Thorne Widgery calls on businesses to take advantage of biggest tax cut in 50 years, but remain wary of future inflation

Daniel Crowther

With the Chancellor confirming around £45 billion of tax cuts in his first fiscal statement, Thorne Widgery is calling on businesses to go for growth using the tax savings on offer.

“A new approach, for a new era, focused on growth” was how Kwasi Kwarteng described his measures as his speech to Parliament got underway, and it quickly became clear how this would be achieved.

In one of the most comprehensive fiscal events in recent years, the Government outlined hard-hitting measures to support businesses, their owners and many other taxpayers with the cost-of-living crisis.

During his speech, the Chancellor confirmed that the previous 1.25 percentage point increase to National Insurance introduced earlier this year would be reversed and the planned Health and Social Care levy abolished.

He also announced that the Corporation Tax rise planned for April 2023 would be scrapped and that this rate of tax would remain at 19 per cent.

To support further investment in plant and machinery within many businesses, the existing £1 million Annual Investment Allowance will also be retained permanently.
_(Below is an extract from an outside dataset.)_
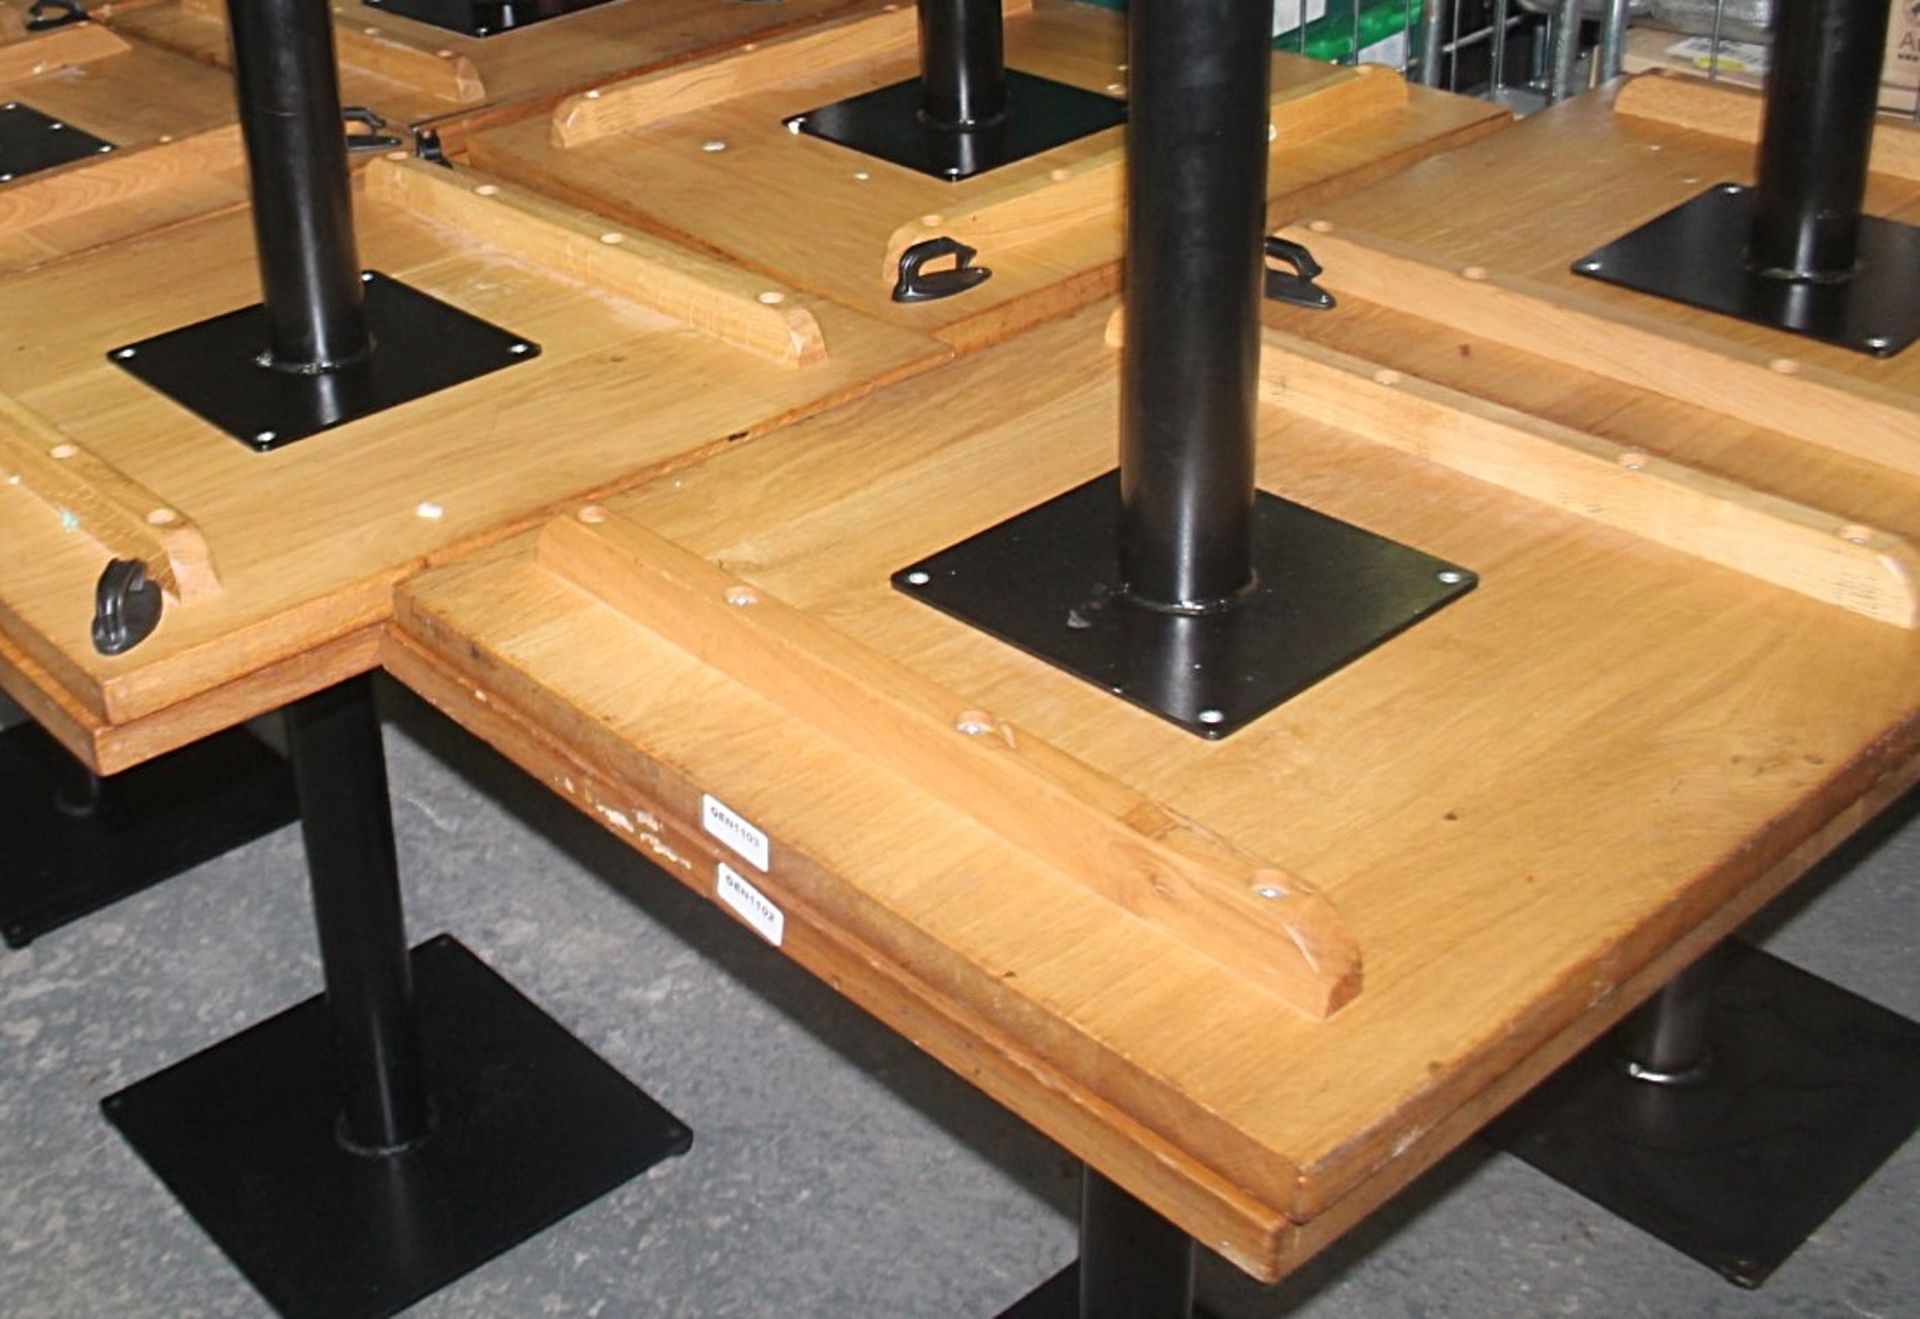 4 x Solid Oak Restaurant Dining Tables - Natural Rustic Knotty Oak Tops With Black Cast Iron Bases - Image 4 of 4

The Government also announced the creation of up to 40 tax-free investment zones, offering a number of tax and National Insurance benefits for those located within them.

“Businesses across the UK will welcome the significant giveaways offered in the mini-Budget,” said Daniel Crowther, CEO at Thorne Widgery.

“This is the biggest cut in taxation since 1972, offering billions of pounds in tax savings to SMEs and their owners.

“By taking bold steps, such as reversing the National Insurance rise and abolishing planned tax rises, the Chancellor hopes to improve the UK’s economic growth rate by 2.5 per cent, so that spending and tax receipts increase.”

Within his speech, the Chancellor also announced many personal tax cuts through Income Tax, Stamp Duty Land Tax (SDLT) and for contractors, a repeal of the IR35 rules.

From next April, the additional rate of tax, paid at 45 per cent on earnings over £150,000 will be removed and a 1p cut to the basic rate of tax on earnings between £12,571 to £50,270 implemented.

Many business owners on higher incomes will welcome this change, alongside a reversal of the 1.25 percentage point increase to the Dividend Tax rate.

Those looking to purchase a new home will also enjoy higher minimum SDLT thresholds, which will rise from £125,000 to £250,000 on most property purchases, and from £300,000 to £425,000 for first-time buyers.

Daniel said: “There was nothing mini about this ‘Budget’ considering the tax cuts that have been given away.

“These measures will help many businesses and taxpayers deal with the cost-of-living crisis and should encourage greater business investment in future.”

However, despite the tax reductions being widely welcomed, there is growing concern that inflation will continue to rocket and interest rates will rise, creating many new challenges for businesses and individuals.

“While the Government is trying to temper inflation through measures like the Energy Bill Relief Scheme, the Bank of England might find itself at loggerheads with the Treasury over these measures, which could potentially risk feeding inflation,” added Daniel.